Modern image generators are trained on datasets containing hundreds of millions — sometimes billions — of images, each paired with a text caption or alt-text description. The model's job during training is to learn the relationship between visual content and language. It learns that 'a golden retriever on a beach at sunset' involves specific colors, textures, lighting conditions, compositions, and subject arrangements. It learns this not from rules written by artists, but from seeing the pattern play out across millions of examples. This joint training on images and text is what allows the model to accept a text prompt and produce a relevant image. The model has built a shared space where visual concepts and language concepts are tightly linked.
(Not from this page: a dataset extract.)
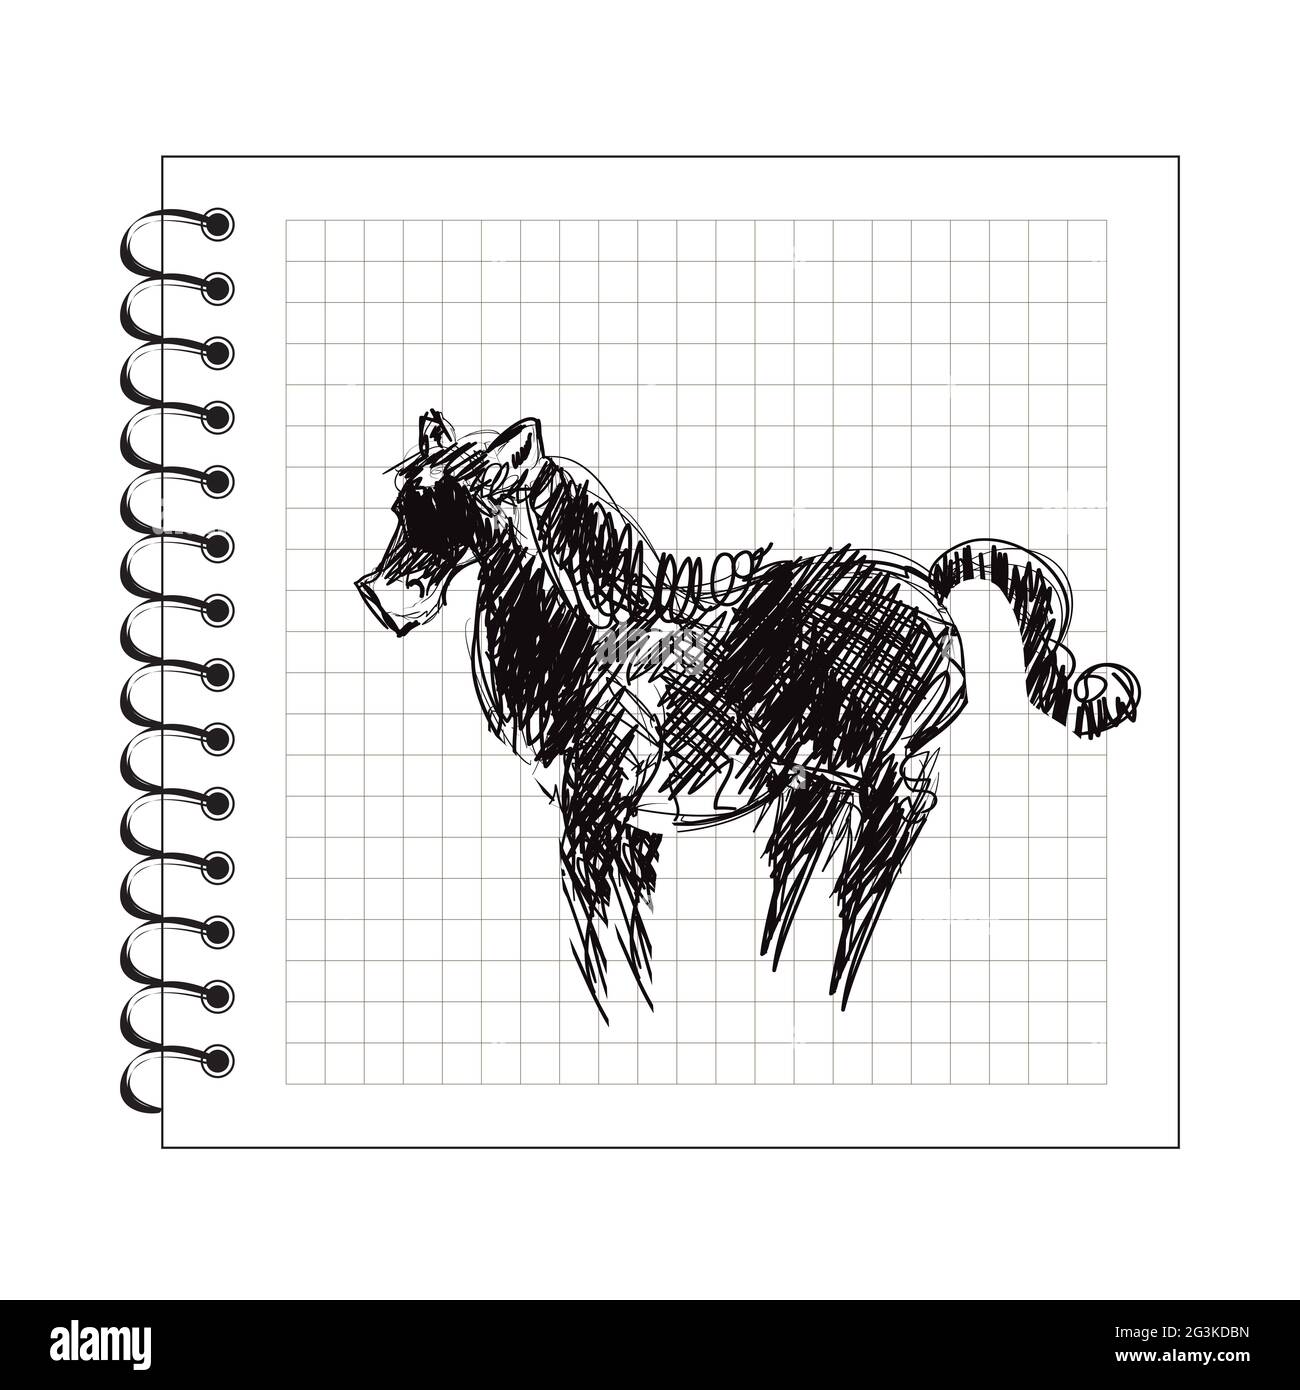 Illustrazione del cavallo di doodle su carta del blocco note Foto Stock

How Image Generators Learn

Image generators are trained on massive datasets of image-caption pairs. By learning to connect text descriptions with visual content across millions of examples, the model builds a shared conceptual space where language and imagery are linked — enabling it to create images from written descriptions.

The most widely used family of image generators today uses a technique called diffusion. Here is how it works, conceptually. During training, the model repeatedly takes a real image and adds random noise to it in controlled steps — like slowly frosting a window until you can no longer see through it. Then it learns to reverse this process: given a noisy image, predict what the clean image underneath looked like. By training on millions of examples of this noise-then-denoise cycle, the model becomes expert at reconstructing images from static. At generation time, the model starts with pure random noise — just static — and then runs the denoising process in reverse, guided by your text prompt. Each step makes the image slightly less noisy and slightly more aligned with your description. After 20 to 50 denoising steps, a coherent image emerges from what was pure randomness. The text prompt acts as a compass pointing the denoising process toward the right visual territory.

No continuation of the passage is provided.